> **Prompt**: What follows is a set of records; restate each one word for word and drop the pictures.

___ Input data

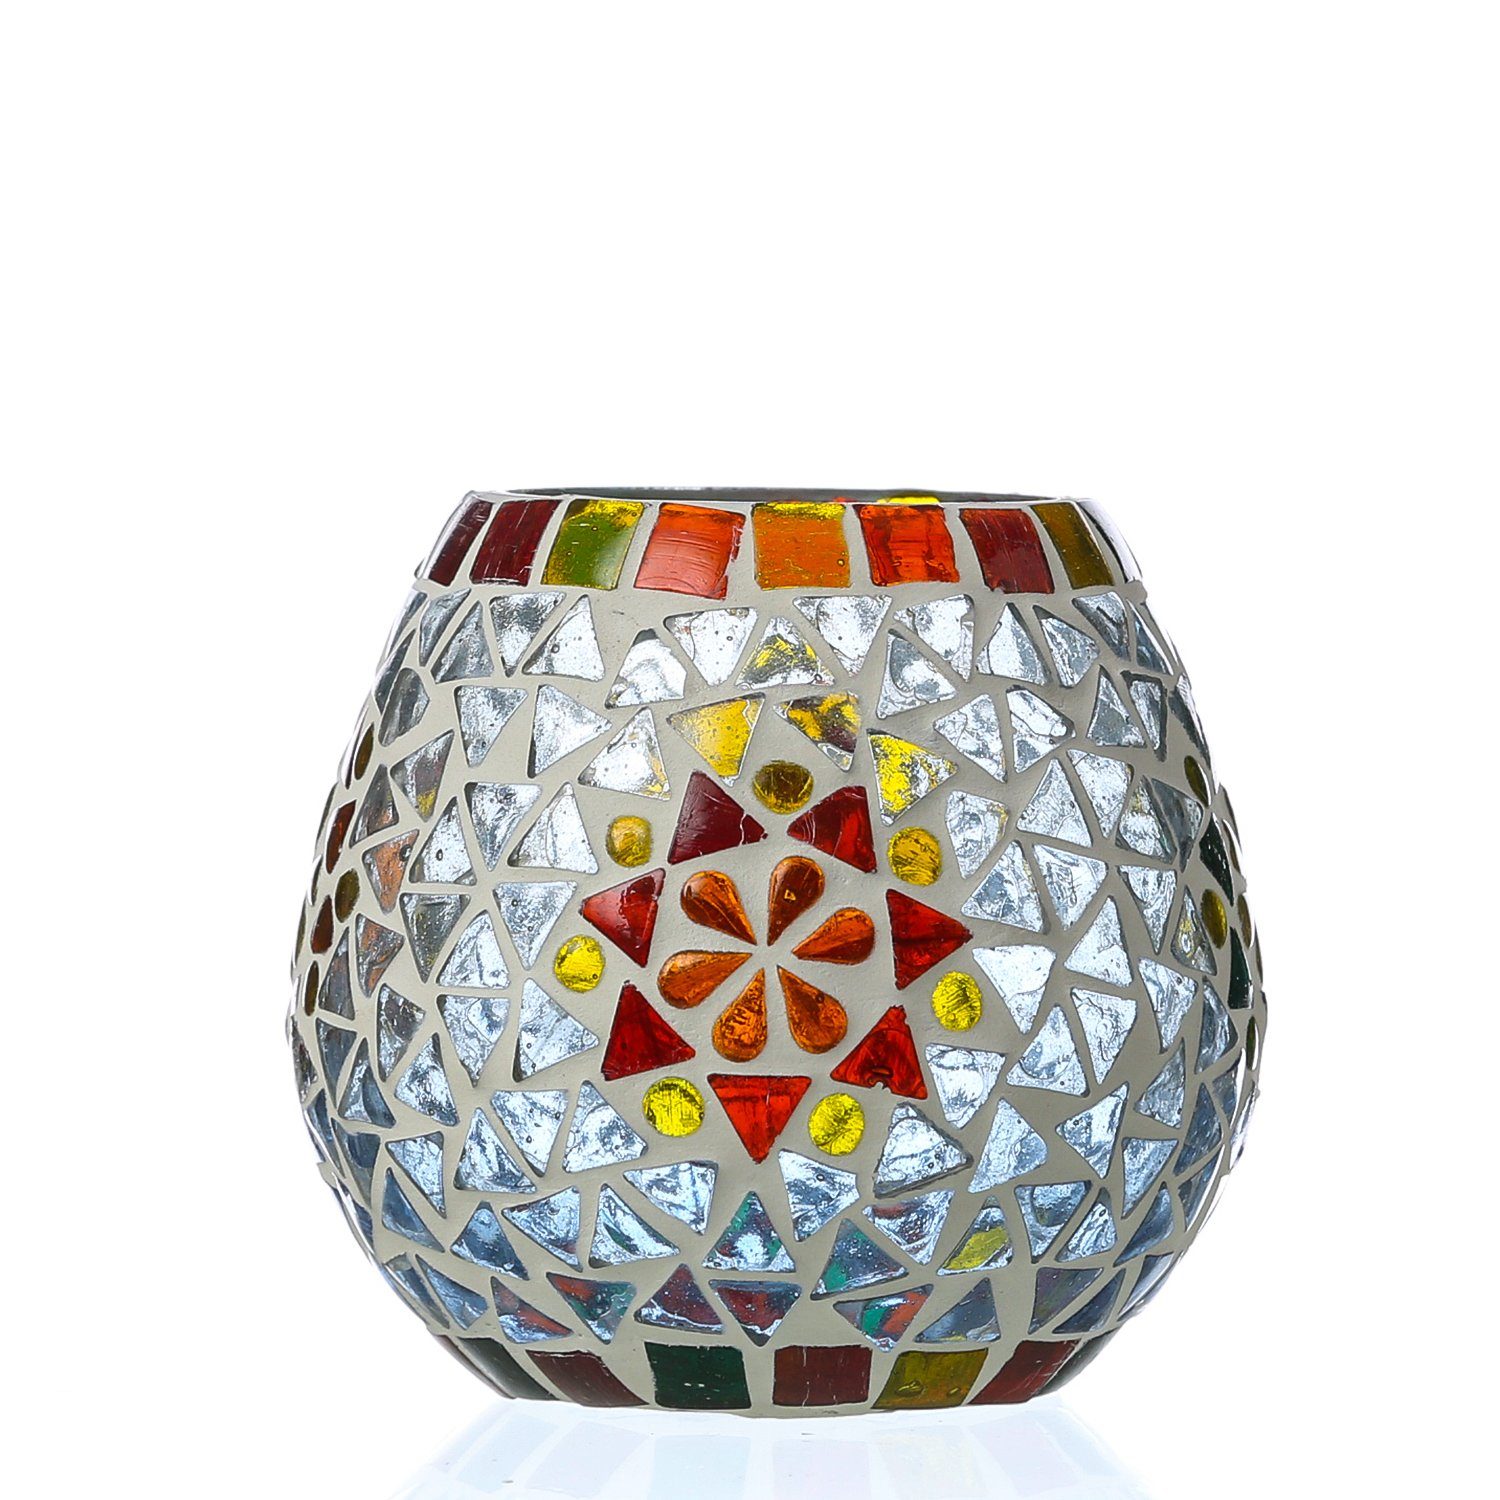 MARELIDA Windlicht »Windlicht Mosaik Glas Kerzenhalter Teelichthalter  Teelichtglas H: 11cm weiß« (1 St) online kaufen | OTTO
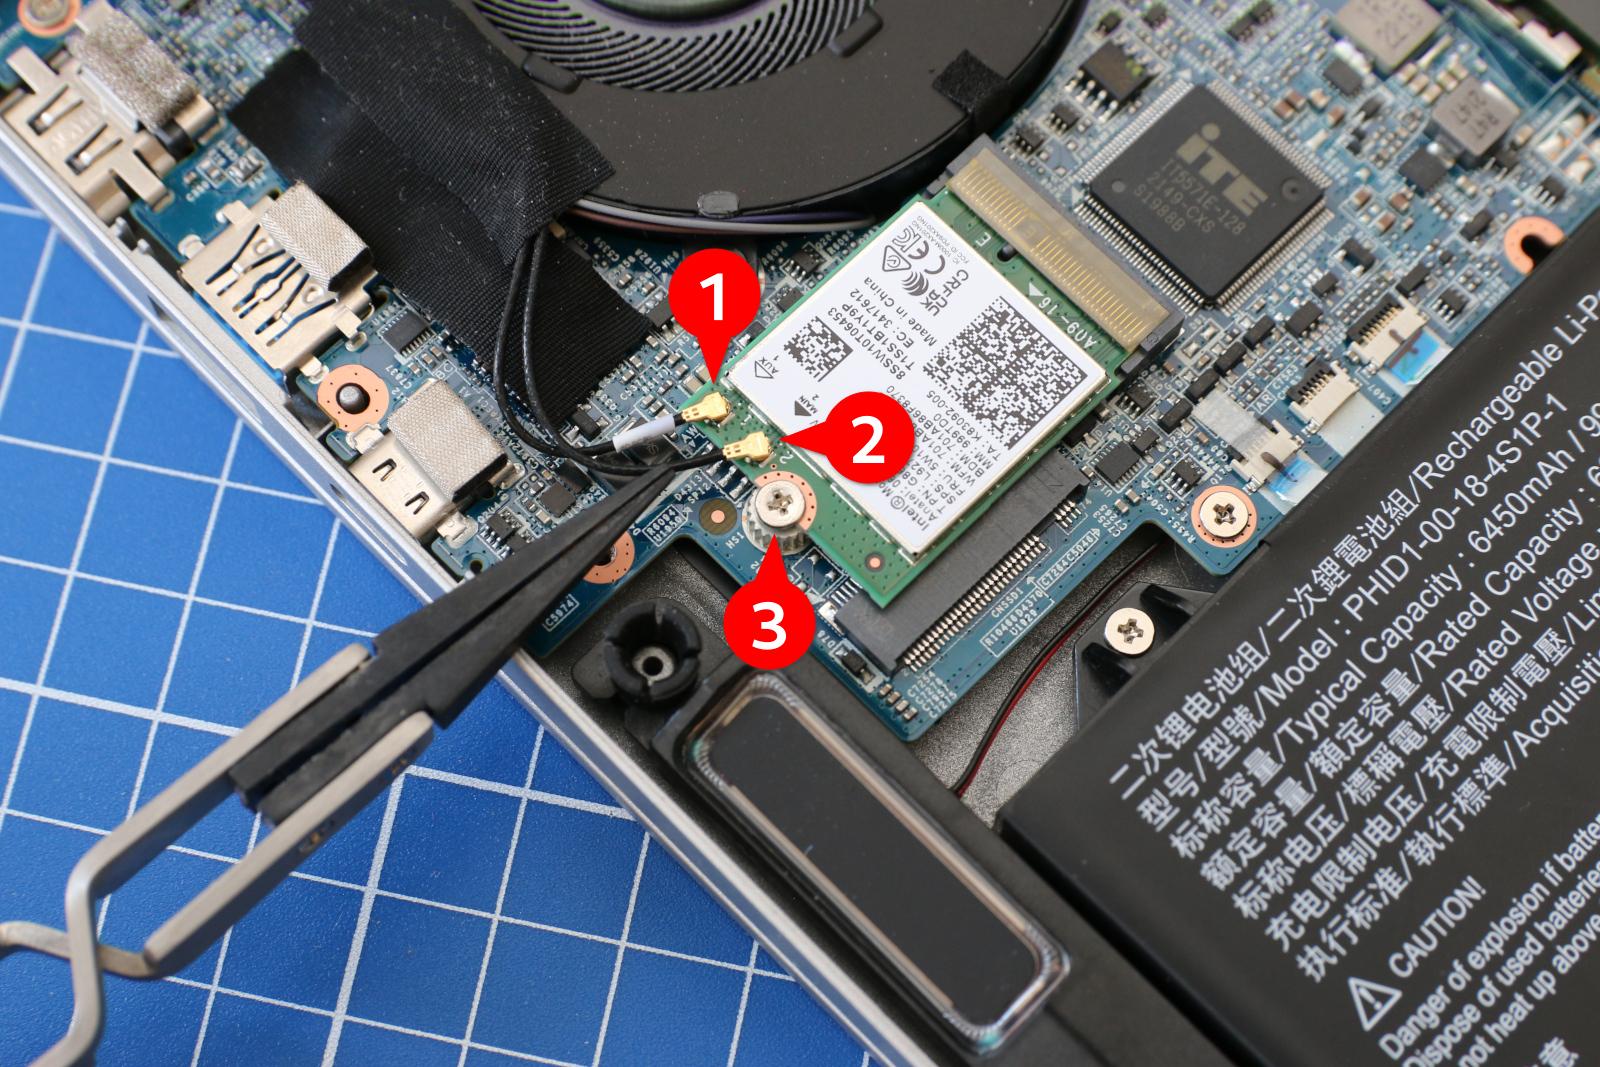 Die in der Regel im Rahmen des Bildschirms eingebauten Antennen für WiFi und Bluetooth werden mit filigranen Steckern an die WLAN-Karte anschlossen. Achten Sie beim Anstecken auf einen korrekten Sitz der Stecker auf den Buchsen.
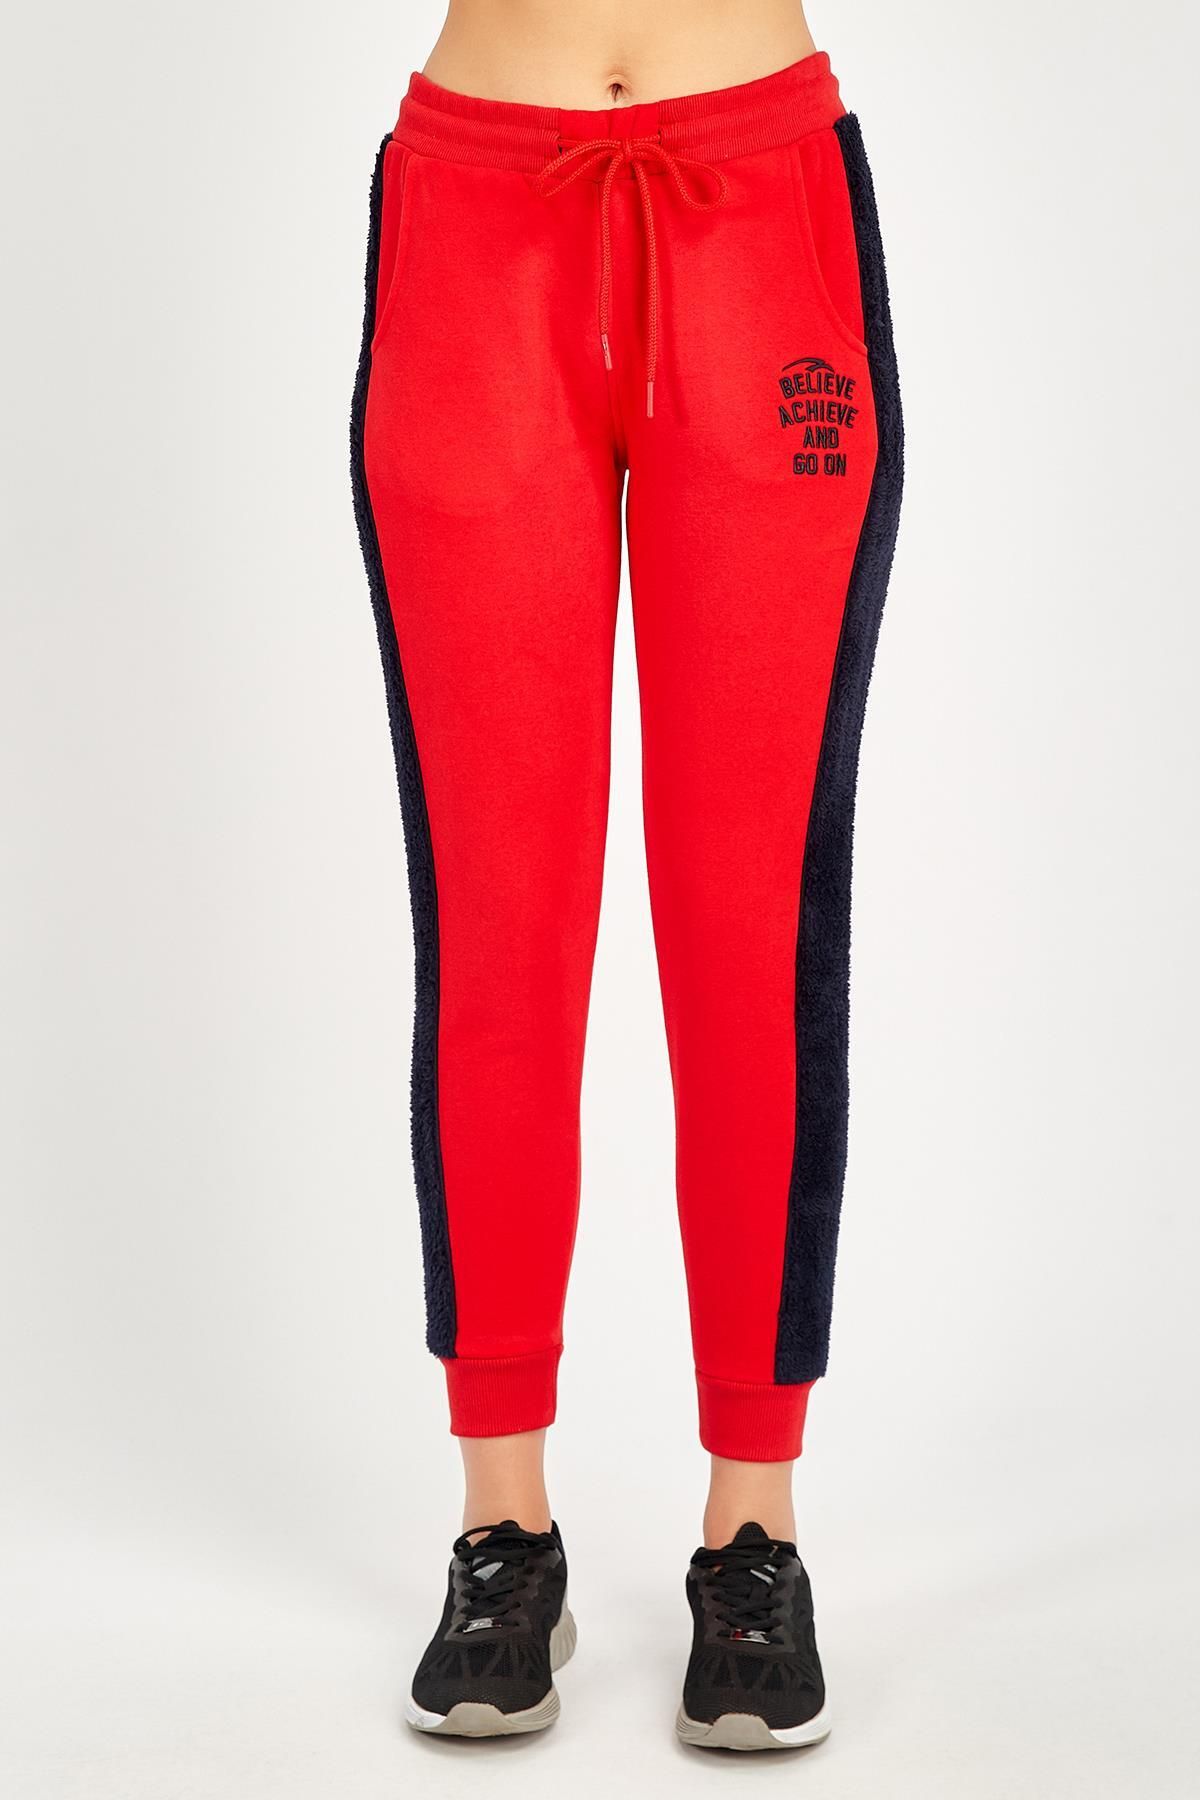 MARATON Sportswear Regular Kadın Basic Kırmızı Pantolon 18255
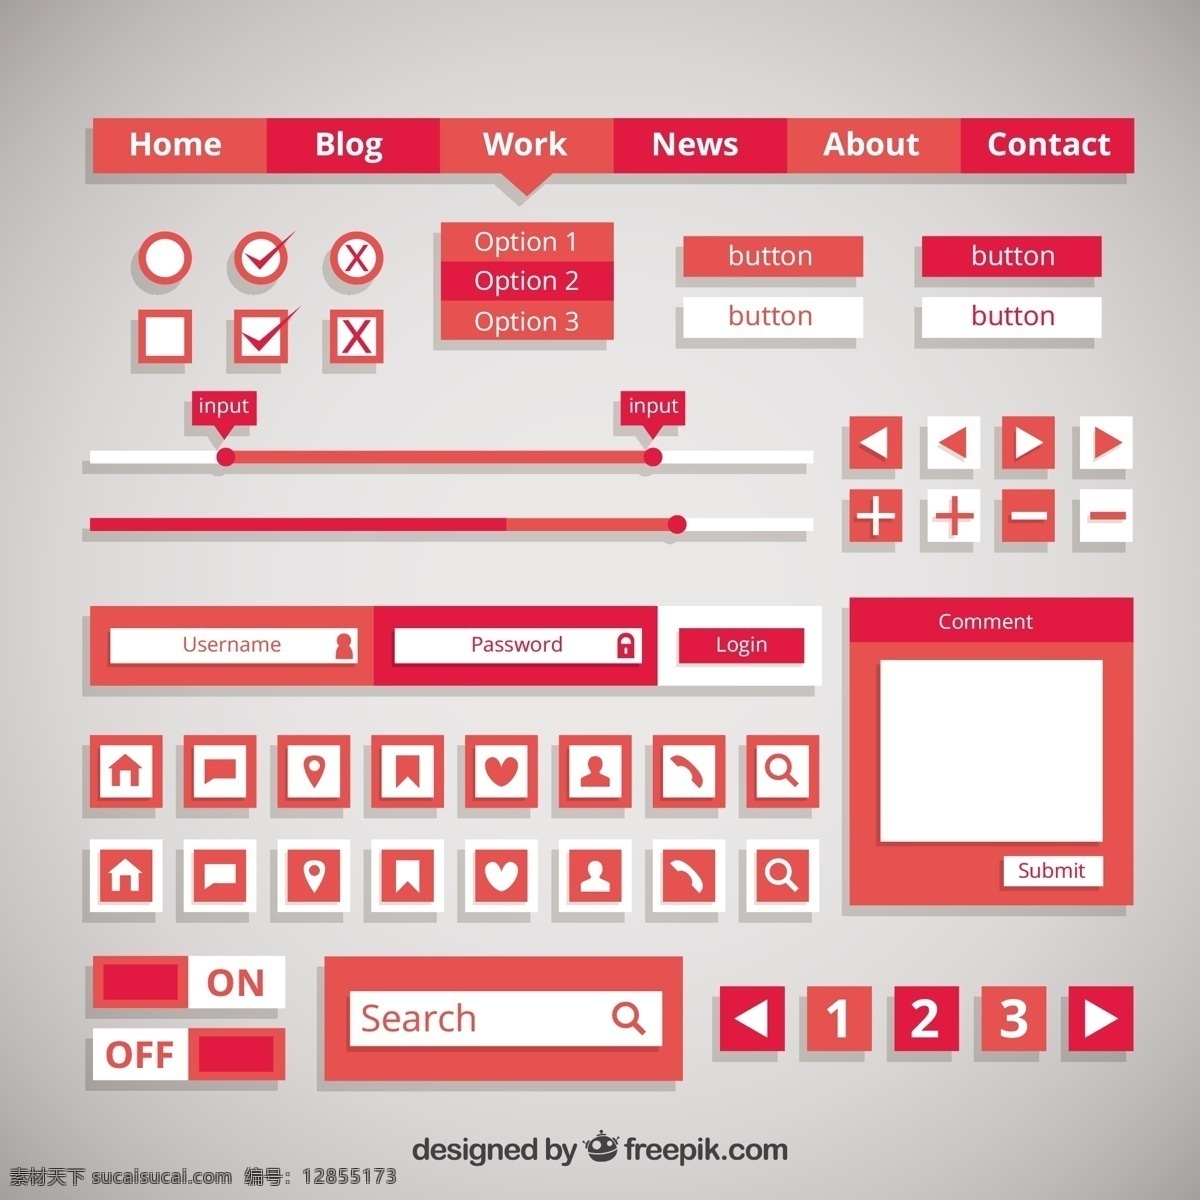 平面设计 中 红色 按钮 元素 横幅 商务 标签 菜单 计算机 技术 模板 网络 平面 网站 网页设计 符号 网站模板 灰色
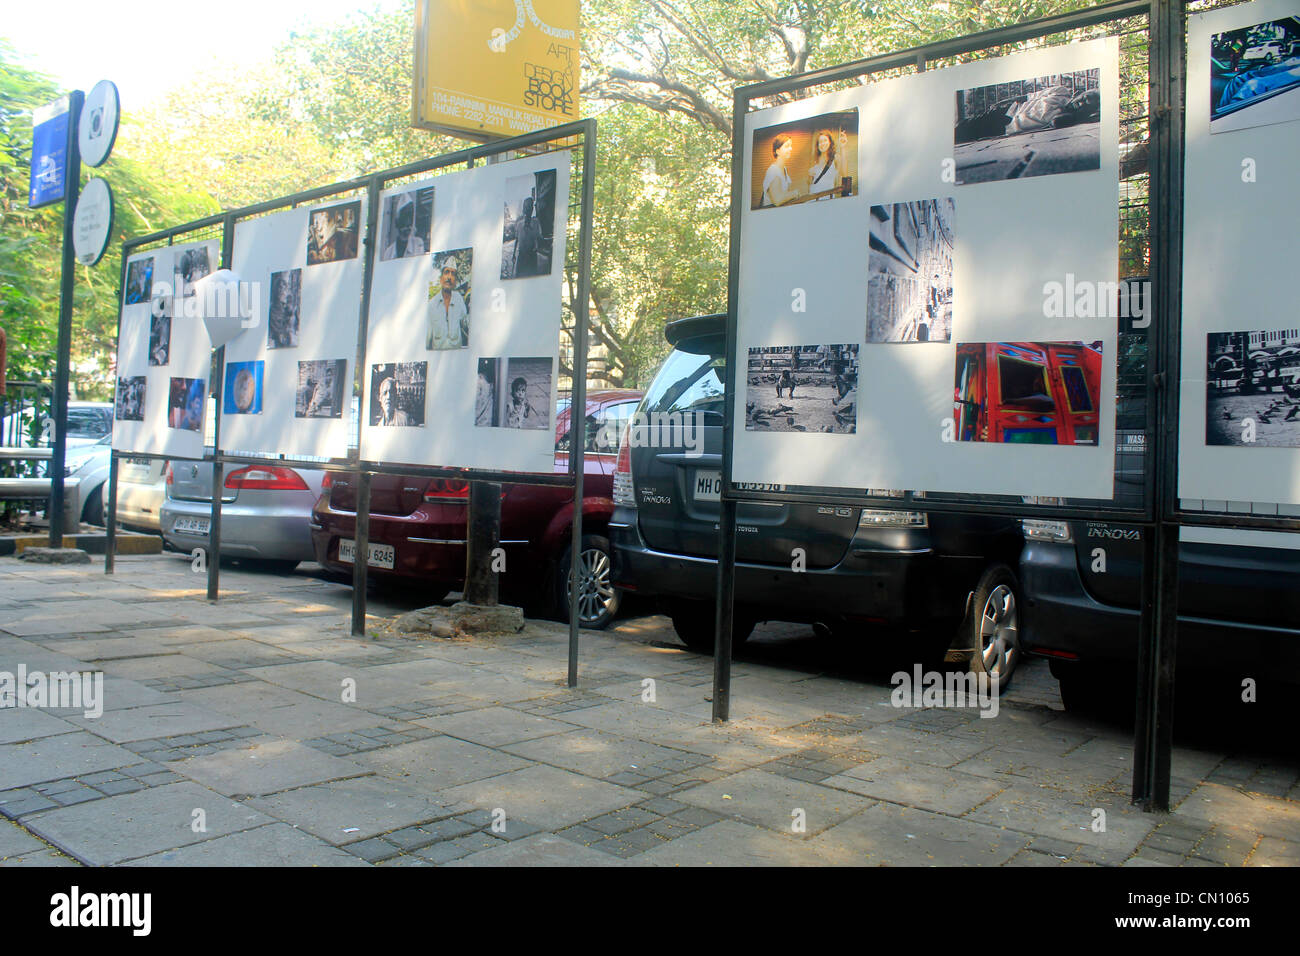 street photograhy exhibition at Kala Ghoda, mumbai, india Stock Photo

______

> **Reply to the exercise**:
 MARELIDA Windlicht »Windlicht Mosaik Glas Kerzenhalter Teelichthalter  Teelichtglas H: 11cm weiß« (1 St) online kaufen | OTTO
 Die in der Regel im Rahmen des Bildschirms eingebauten Antennen für WiFi und Bluetooth werden mit filigranen Steckern an die WLAN-Karte anschlossen. Achten Sie beim Anstecken auf einen korrekten Sitz der Stecker auf den Buchsen.
 MARATON Sportswear Regular Kadın Basic Kırmızı Pantolon 18255
 平面设计 中 红色 按钮 元素 横幅 商务 标签 菜单 计算机 技术 模板 网络 平面 网站 网页设计 符号 网站模板 灰色
 street photograhy exhibition at Kala Ghoda, mumbai, india Stock Photo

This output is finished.